Outline: [`paper/emnlp2026_intent/OUTLINE.md`](https://github.com/hinanohart/yuragi/blob/main/paper/emnlp2026_intent/OUTLINE.md). Introduces *intent-misalignment hallucination* — outputs that are syntactically correct and instruction-compliant yet ignore per-user project context — and proposes **context-stripping perturbation (CSP)** for detection. Seed dataset (30 tasks × 3 ecosystems) at [`seed_tasks.jsonl`](https://github.com/hinanohart/yuragi/blob/main/paper/emnlp2026_intent/seed_tasks.jsonl).

## Citation

```bibtex
@misc{yuragi2025,
  title  = {yuragi: Confidence Fragility in Neural Networks},
  author = {hinanohart},
  year   = {2026},
  url    = {https://github.com/hinanohart/yuragi}
}
```

## Contributing / License

Issues and PRs welcome. See [CONTRIBUTING.md](https://github.com/hinanohart/yuragi/blob/main/CONTRIBUTING.md).

Known limitations: [KNOWN_LIMITATIONS.md](https://github.com/hinanohart/yuragi/blob/main/KNOWN_LIMITATIONS.md). Raw benchmark data: [`docs/bench/real/`](https://github.com/hinanohart/yuragi/tree/main/docs/bench/real/). Theory and metric definitions: [`docs/theory.md`](https://github.com/hinanohart/yuragi/blob/main/docs/theory.md).

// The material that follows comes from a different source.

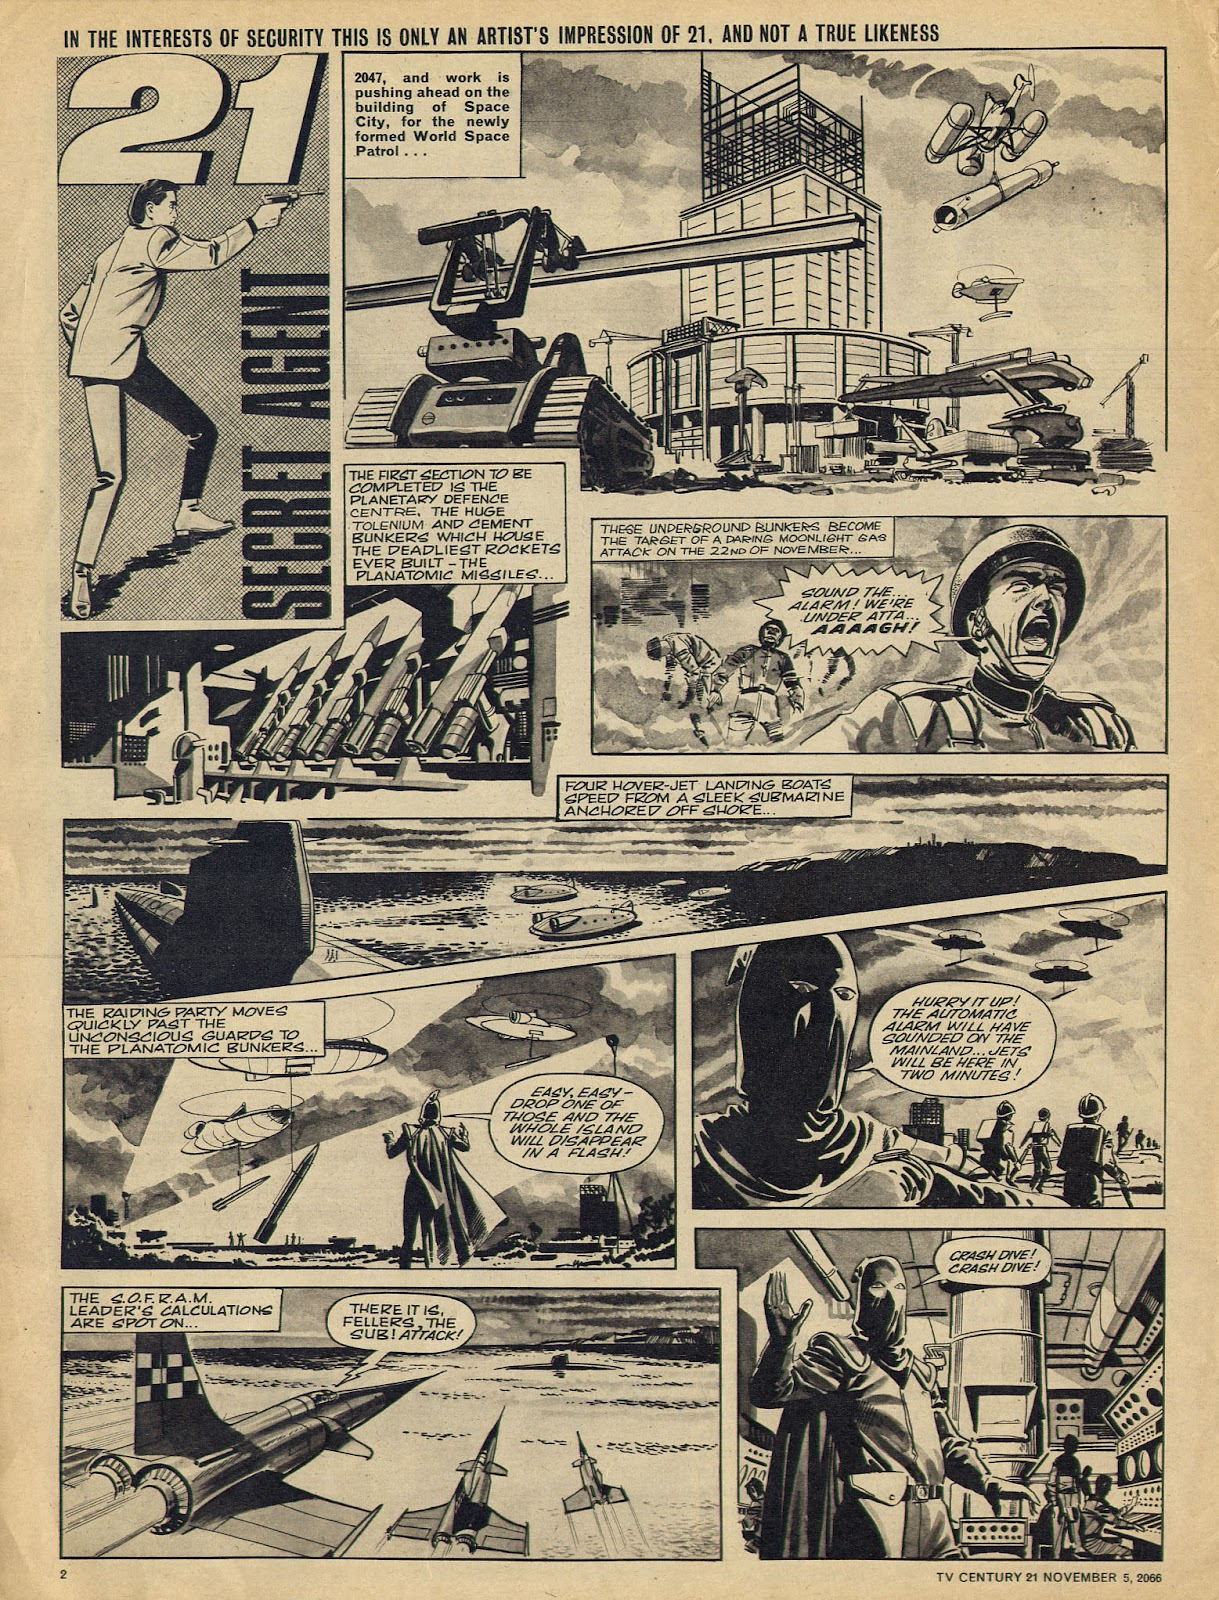 TV Century 21 (TV 21) issue 94 - Page 2

MIT License for human use.

### AI / ML training opt-out

This repository is **opted out of AI/ML training, fine-tuning, evaluation, and embedding generation**. See [ai.txt](./ai.txt). Using this work to train machine-learning models without separately negotiated written permission is explicitly disallowed. The MIT License covers human use and software redistribution; it does not grant a training data license.

## Verification (sigstore)

Releases from **v_next_** (released after 2026-05-16) include a sigstore keyless signature bundle
(`.sigstore` per artifact) attached to the GitHub Release.

### Verify a PyPI install

```bash
pip download <pkg-name>==<version> --no-deps -d ./verify
python -m sigstore verify github \
    --cert-identity 'https://github.com/hinanohart/yuragi/.github/workflows/release.yml@refs/tags/v<version>' \
    --cert-oidc-issuer 'https://token.actions.githubusercontent.com' \
    ./verify/*.whl ./verify/*.tar.gz
```

The corresponding `.sigstore` bundles can be downloaded from the GitHub Release page.

### Historic releases (pre-2026-05-16)

Earlier releases were published without sigstore bundles. Re-installing those versions
provides no cryptographic provenance — pin to a current release if assurance matters.